Well-intentioned as he was about taking care of himself, facing no apparent imminent health issues beyond being cursed by balky knees, Self also was ambivalent about it in certain ways.

At a time he said he would be “ecstatic” to coach through the contract that then ended in 2022, he was just as apt to take a long walk 15 days in a row as he was to miss 15 straight. Playing for the tie, you could call that, certainly a familiar concept to me.

Flash forward to March 8 and Self’s sudden hospitalization — worrisome amid the scant initial public details — for a heart catheterization procedure at the University of Kansas Health System.

The process that forced Self to sit out the Big 12 Tournament and the NCAA Tournament also served as clarifying.

Even energizing, to hear Self tell it on Wednesday in his first public appearance since then.

What began as an “out of body-type experience” and the sense that “I just knew I wasn’t right” led to the most emphatic conviction Self has expressed about the future in years.

“I missed my job, I love my job and I want to do my job for a long time,” said Self, who now essentially has a lifetime contract.

The 60-year-old Hall of Fame coach with two national titles and 787 wins to his name later added: “So my goal is to take this place to a whole different level than we’ve ever been to before. And we’ve been to a really high level.”

Part of that reinvigoration comes from the timely and excellent care he received, including even the parts where he was told what he didn’t want to hear about when he could return to the sideline.

(He has no limitations now, he said, and feels so good he could even power lift. “If,” he said, pausing and grinning, “I wanted to.”)
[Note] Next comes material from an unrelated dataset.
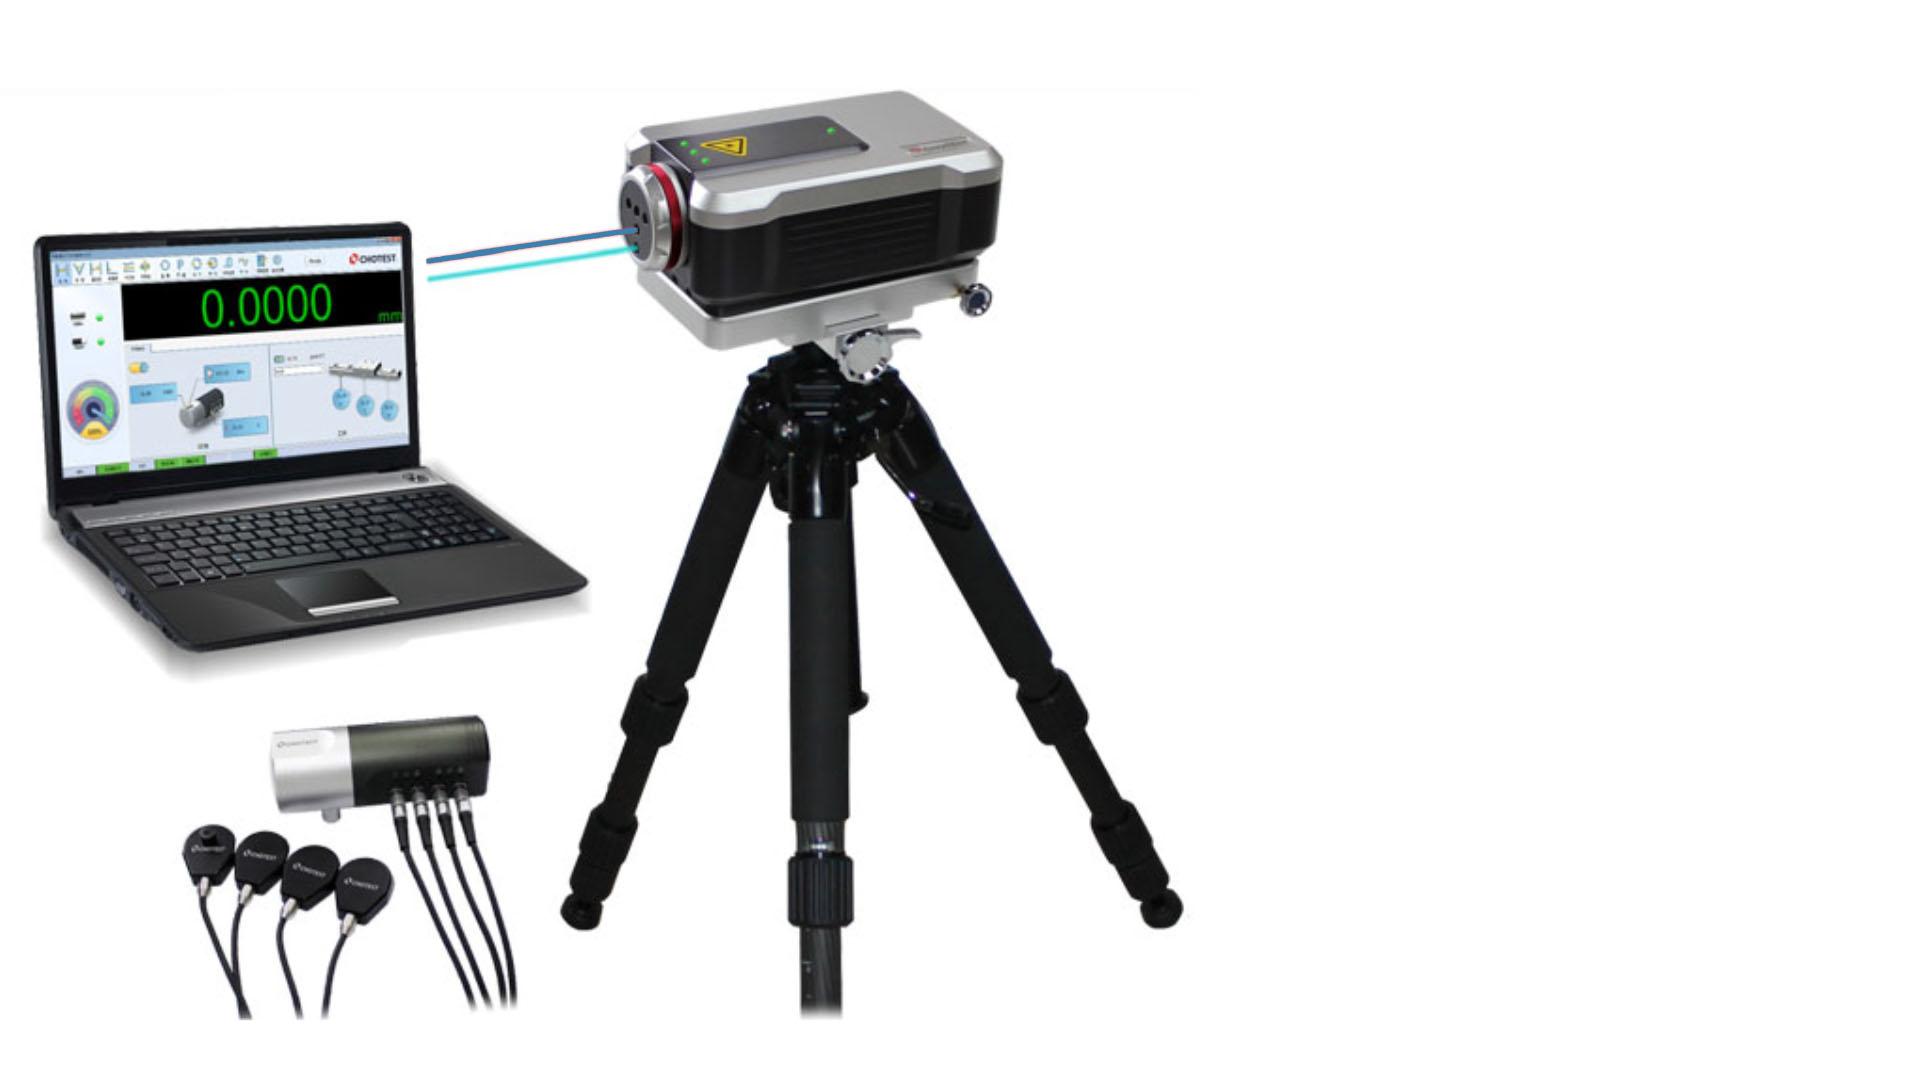 Micro Precision MP6000 Displacement Measurement | Laser Interferometer | Laser Interferometer Measurement System

Part of it was in the overwhelming outpouring of encouragement he received from peers and fans. And, most of all, family and the KU staff and players he felt did the team proud during what we can call a conspicuous absence that he tried to downplay.
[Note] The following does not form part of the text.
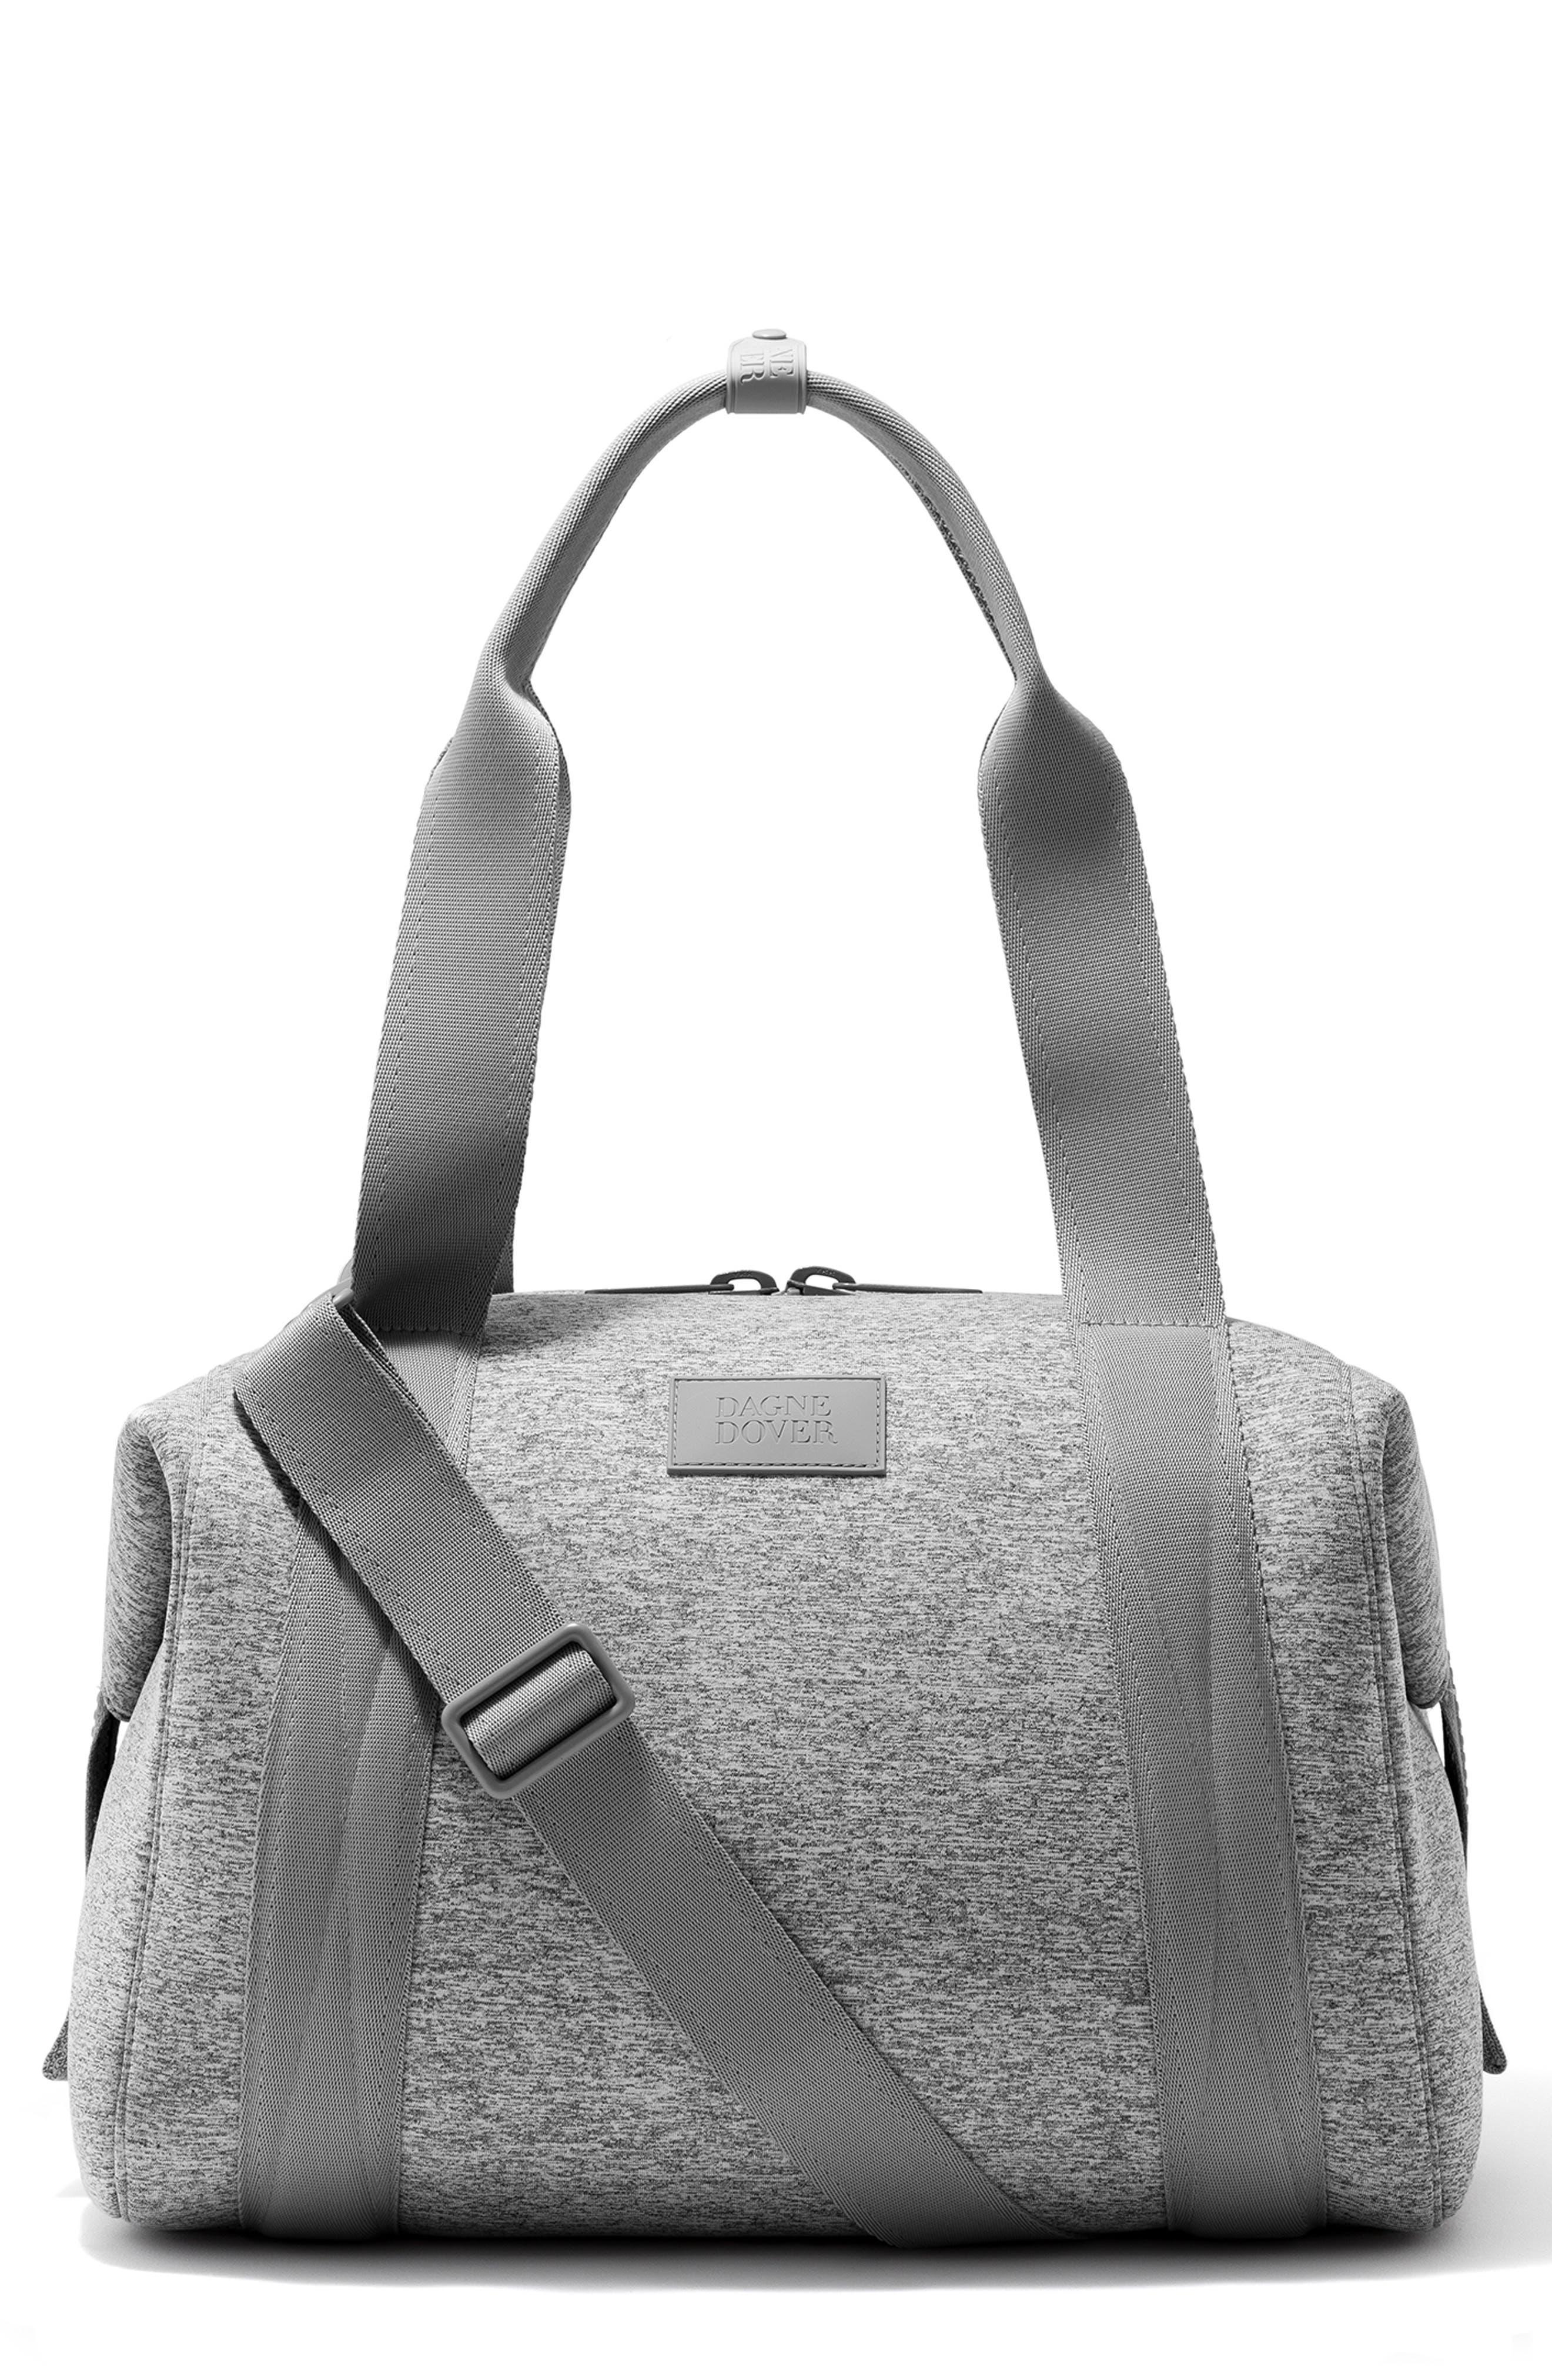 DAGNE DOVER 365 Medium Landon Neoprene Carryall Duffle Bag, Main, color, HEATHER GREY

But a pivotal part of it seemed to be from a feeling many of us might be able to relate to:

Sometimes you maybe don’t really know what you have or want until it’s taken away.

In Self’s case, that realization came in the aftermath of a parallel perception of health issues gradually creeping up on him in ways that didn’t really register in the moment.
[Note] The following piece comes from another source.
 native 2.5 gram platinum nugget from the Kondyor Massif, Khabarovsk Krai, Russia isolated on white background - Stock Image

He encountered some shortness of breath and other mild symptoms, for instance, weeks before experiencing tightness in his chest and balance issues that compelled him to seek medical attention.

“I think sometimes we don’t realize we don’t feel well,” he said, “until we actually feel well and know the difference.”

While Self said he never feared for his life after the episode that led to two stents being implanted to treat blocked arteries, he felt acute senses of loss and deprivation as the team played its last five games without him — bookending a season that began with him missing the first four games under a self-imposed suspension by KU.

Funny how different those scenarios were, though.

As he watched his team play Duke in Indianapolis from his hotel room in November, Self said he was yelling so loud that people down the hall were hollering at him to keep it down.

When he watched his team from a hotel in Des Moines during NCAA play, Self was instructed to keep a blood-pressure monitor next to him and check his pressure “when I would get a little bit animated or a little bit upset because I thought maybe we didn’t execute or officials didn’t give us a 50-50 call.”

Agitations notwithstanding, he suggested, somehow his body actually kept the readings below what he reckoned must have been “a ridiculously high” threshold. Especially for a coach whose on-court persona is the opposite of what he jokingly called a “Zen-type” approach.

The common denominator in each of those hotel experiences, as well as the hospital stay during the Big 12 tourney, was how much it struck him to “have no control.” And to not be with everyone in the locker rooms. Or to stand among them in the crucible of the final minutes of an even game, when his senses are pulsating off the charts on any scale.

“I love that moment,” he said.

That yearning was clear to him in the middle of his hospital stay, sure. And no doubt even as he was sitting and using a megaphone to conduct practices in Des Moines and anguishing from afar over the second-round loss to Arkansas.

But he didn’t truly consider it all until quiet time after the season, encapsulated in how he described his internal monologue one recent morning:

“‘OK, what are you going to do today? Well, you know, I tell you what I’m going to do: I’m going to have breakfast. And then I’m going to sit around and go for a walk maybe, and then come back and watch TV. Or read. Or something like that.’”

Right about then, he said, he realized that was not at all what he needed to be doing. It was time to get on the phone, he figured, and get recruiting “by living in the (transfer) portal.”

But by living with a qualifier that Self now understands can no longer be treated as an afterthought or whim.

“I’ve always thought that stress affects everybody else, but it doesn’t affect me,” he said. “And I’ve always thought no matter what anybody’s got, you could put it on my shoulders and I can handle it. Whatever the situation would be.”

So he’ll need to reassess how he processes stress, Self said, and that will be its own intangible challenge.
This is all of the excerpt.